Quant à la formule de la fin « Personne n’est jamais content / Et comment voulez-vous que le monde puisse aller bien dans ces conditions ? », il semble que le poète ait fini son poème, comme il avait terminé certaines de ses Histoires pour enfants, par une formule sibylline de conteur qui éblouit les enfants et les projette dans la réflexion sans fin et le rêve.
On pourrait aussi considérer que la formule clôt l’histoire et ouvre le champ à l’interprétation. En effet, la fin du poème n’est pas une morale semblable à celle des fables, mais une énigme ouverte, polysémique. Rares sont les personnes qui l’ont comprise comme une apologie du conservatisme. Bien au contraire, « Personne n’est jamais content » serait le propre de l’homme, perpétuel insatisfait de sa situation matérielle et surtout de sa condition humaine, qu’il cherche à améliorer.
Poème multiple donc, qui supporte sans artifice une interprétation symbolique de tous ses composants : les ailes symbolisent la création, ... Comme L’Albatros de Baudelaire, il exprime aussi, et plus simplement, la condition du poète, du rêveur, de l’artiste qui vit pleinement dans l’univers qu’il se crée et qui est handicapé dans la vie réelle. L’art est un moyen pour trouver l’image spirituelle à partir d’un réel très dur, car l’art sublime le réel et le rend supportable.
Le poète était lui-même étonné et heureux du destin fabuleux de son petit poème, aux sens multiples, « du ludique à l’esthétique, du tragique au divertissement », à l’image de son œuvre. Certains artistes ont compris le poème dans son sens littéral et l’ont représenté comme un simple oiseau, avec ses caractéristiques physiques. D’autres y ont vu une fantaisie et un jeu. Nombreux sont ceux qui l’ont lu comme une invitation à chercher et trouver l’oiseau qui sommeille en chacun de nous, qui est là en puissance.

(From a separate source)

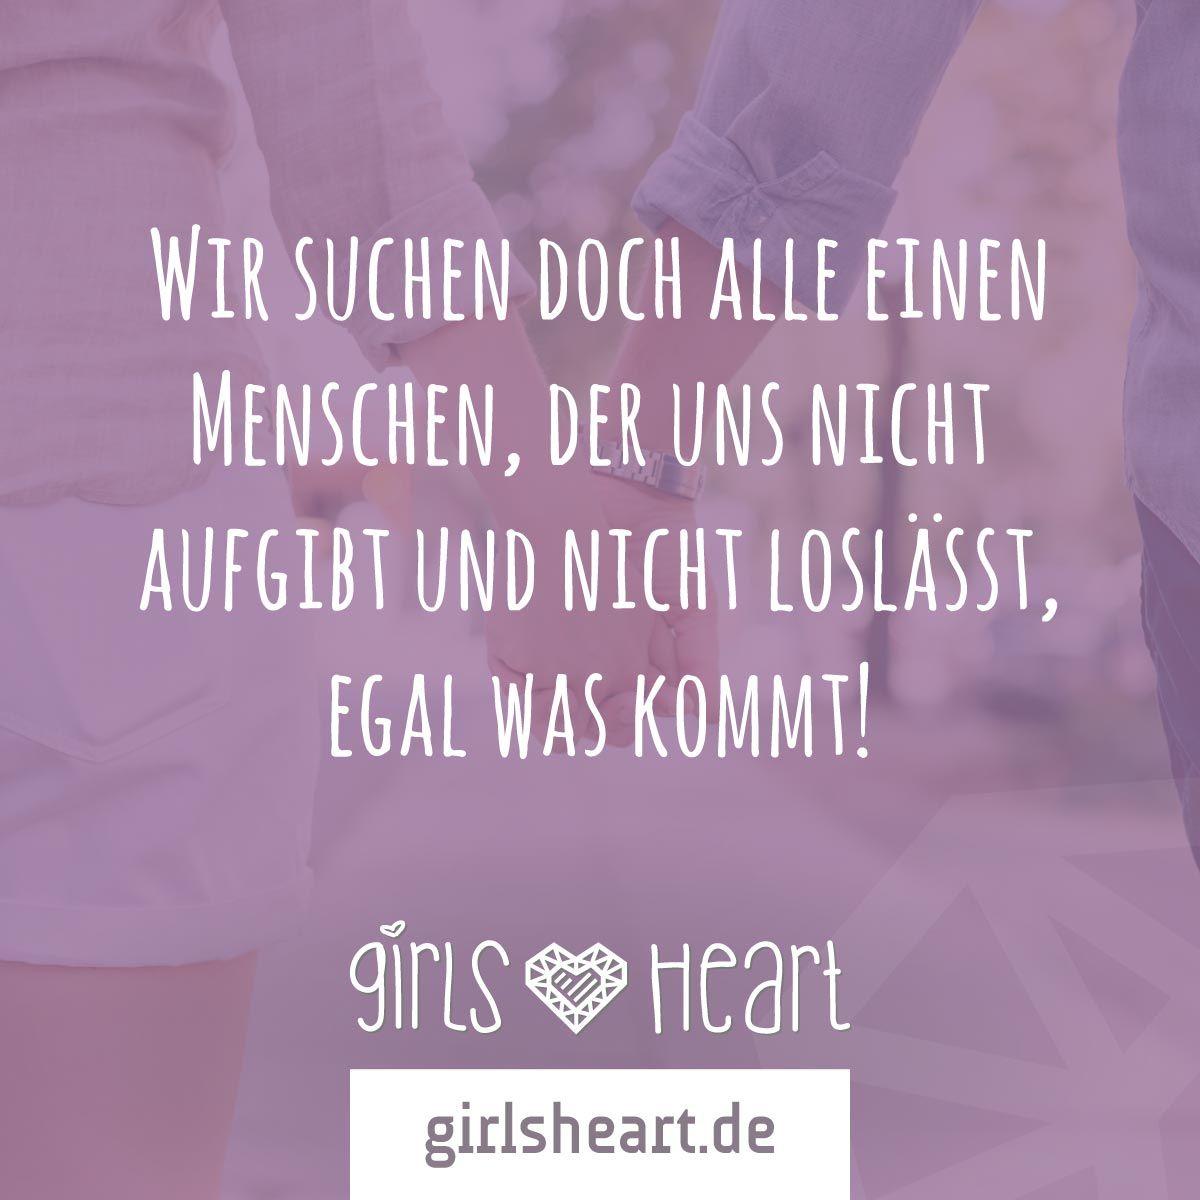 mehr sprüche auf: www.girlsheart.de #männer #gefühlvoll #gefühl
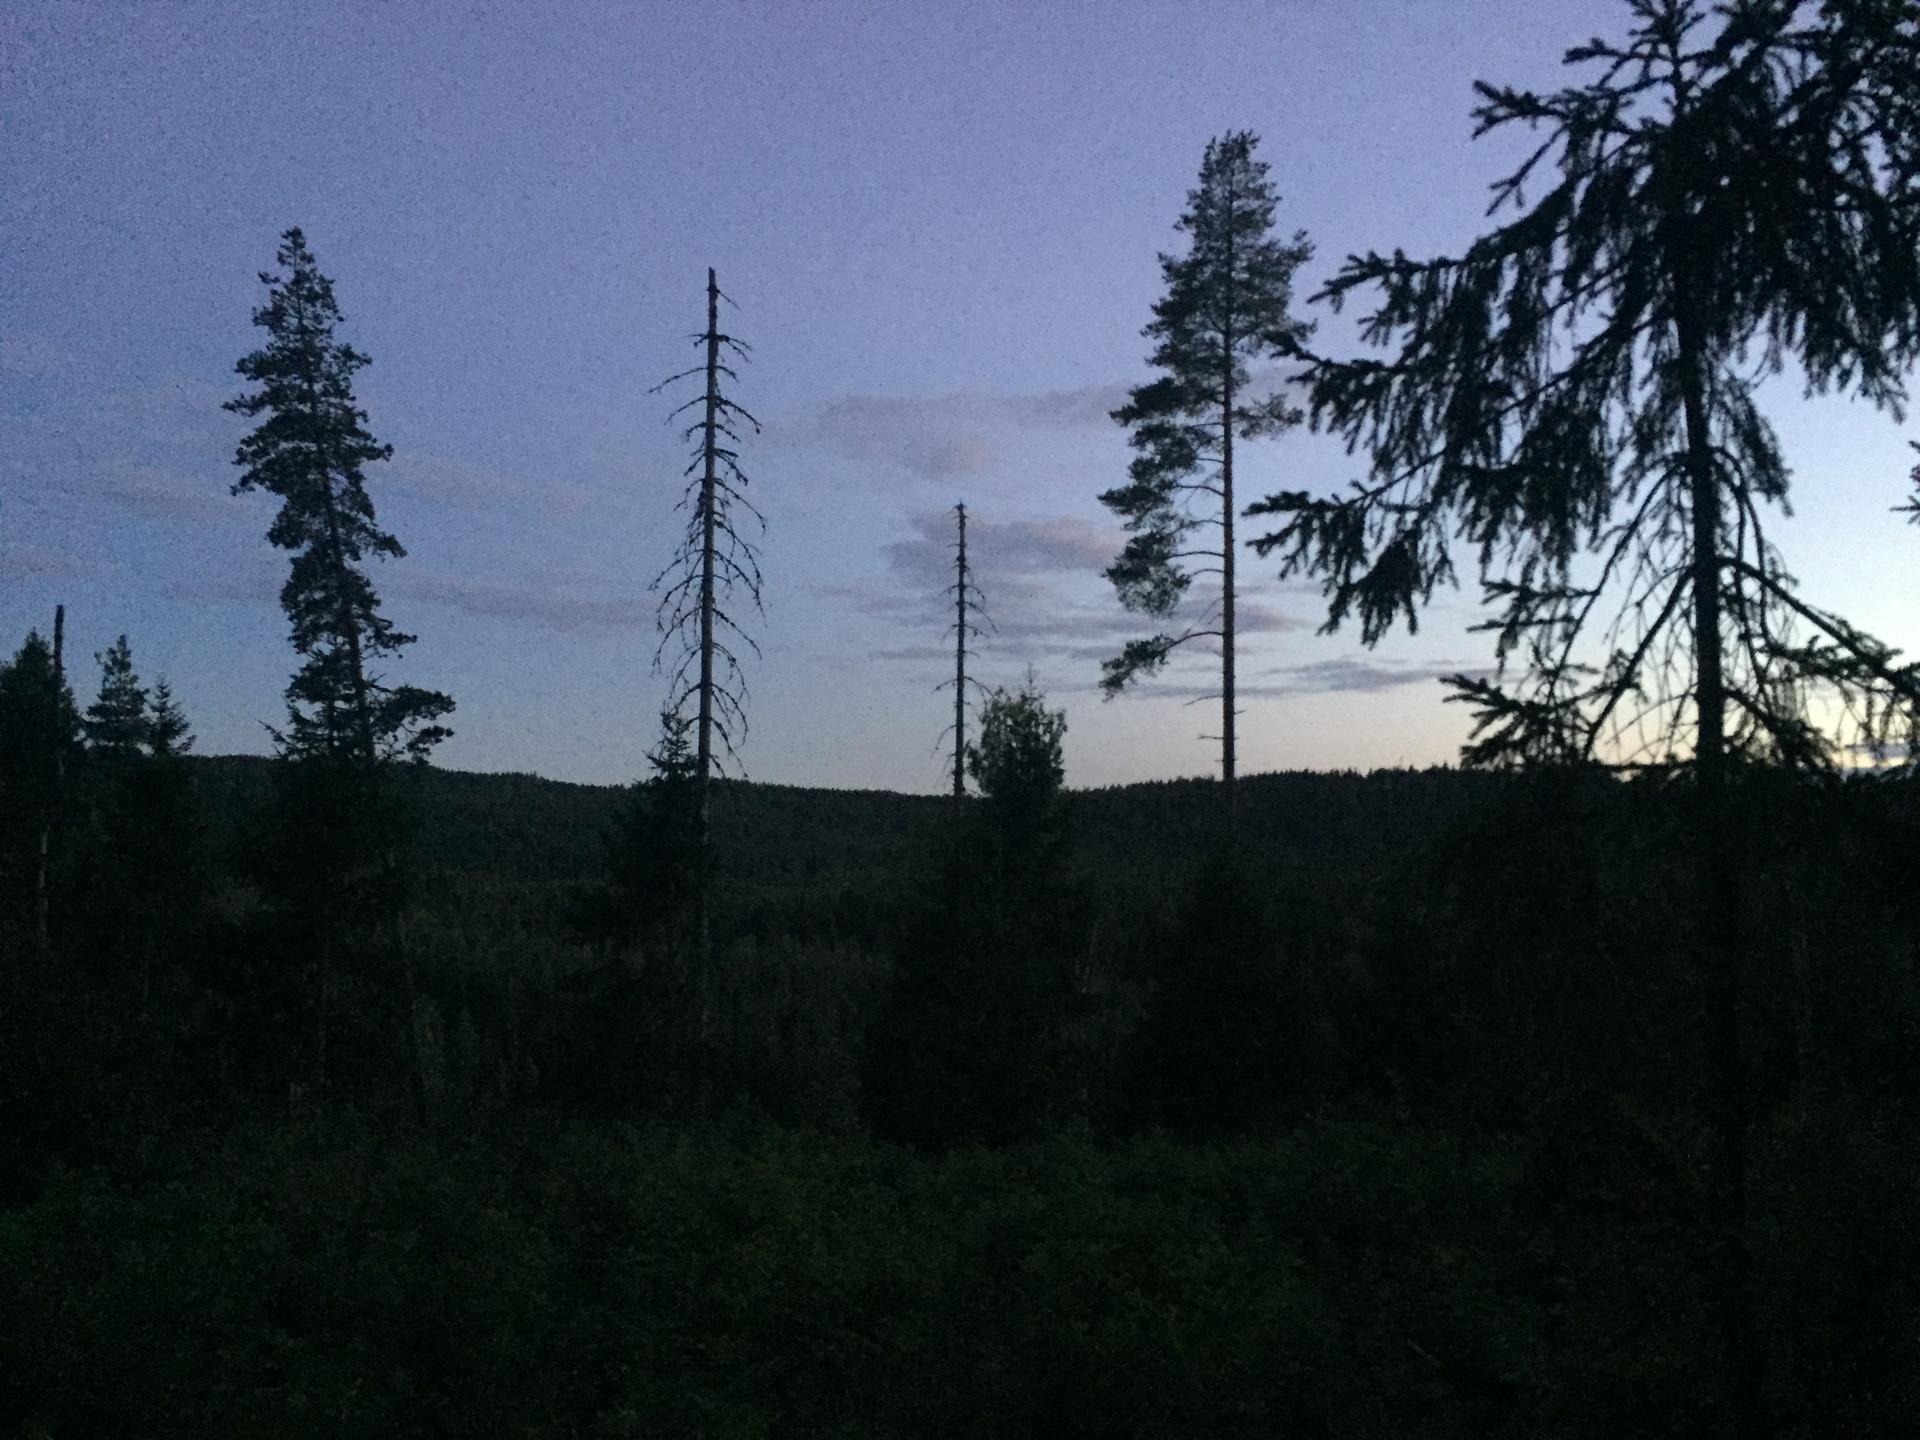 Ofte knaker det i skogen av fugler som skremmes opp når jeg kommer forbi. Her braket det høyere enn vanlig. Jeg stopper og ser rundt meg. I mørket, 20 meter unna, reiser det seg en elg fra buskene. Vi måler hverandre med øynene. Deretter smyger Skogens konge seg vekk.

D’ailleurs, la phrase « Il voudrait avoir peur de mourir un jour » est une claire invitation à voir l’Oiseau comme un symbole de l’Homme. L’oiseau est un thème important dans l’histoire des arts. Georges Bataille a écrit sur la première représentation de l’homme-oiseau dans la grotte de Lascaux. Pensons au faucon de Léonard de Vinci, aux oiseaux de Picasso, Braque ou Wifredo Lam, … aux multiples Oiseaux, chefs-d’œuvre des grands musiciens et cinéastes du XXème siècle.
Ecrit en 1950, ce Portrait de l’Oiseau-Qui-N’Existe-Pas est aussi marqué par son époque, les années d’occupation, de résistance et d’extermination : des millions d’oiseaux se sont envolés à Auschwitz et dans les camps de la mort. Cette pensée hante l’esprit de l’écrivain, dans sa vie et dans ses nombreux écrits de l’après-guerre. Elle reviendra, vingt-cinq années plus tard, sous la forme d’un cri de révolte et d’horreur, dans son admirable Monologue pour un Disparu.
Pour de nombreux artistes et créateurs, ce Portrait de l’Oiseau-Qui-N’Existe-Pas est une profession de foi : un poème est capable de changer le monde. Pour Franck Charlet, la morale du poème dit clairement « au lieu de chercher à s’enfermer dans le rêve et dans les paradis artificiels, il faut agir dans le monde réel ». Voici le témoignage de Jean Masse, disciple de la chorégraphe et danseuse Karin Waehner, qui avait créé et dansé un ballet Portrait de l’Oiseau-Qui-N’Existe-Pas, sur une musique de Paul Arma, en 1963 : « J’ai été très heureux de lire combien ce poème peut encore susciter des actes de création en peinture, en graphismes. C’est le devenir de la création qui redonne du vivant et, à travers la poésie, nous retrouvons ce qui est vraiment humain dans l’homme ». (Lettre à Claude Lemand, Bordeaux, 2013).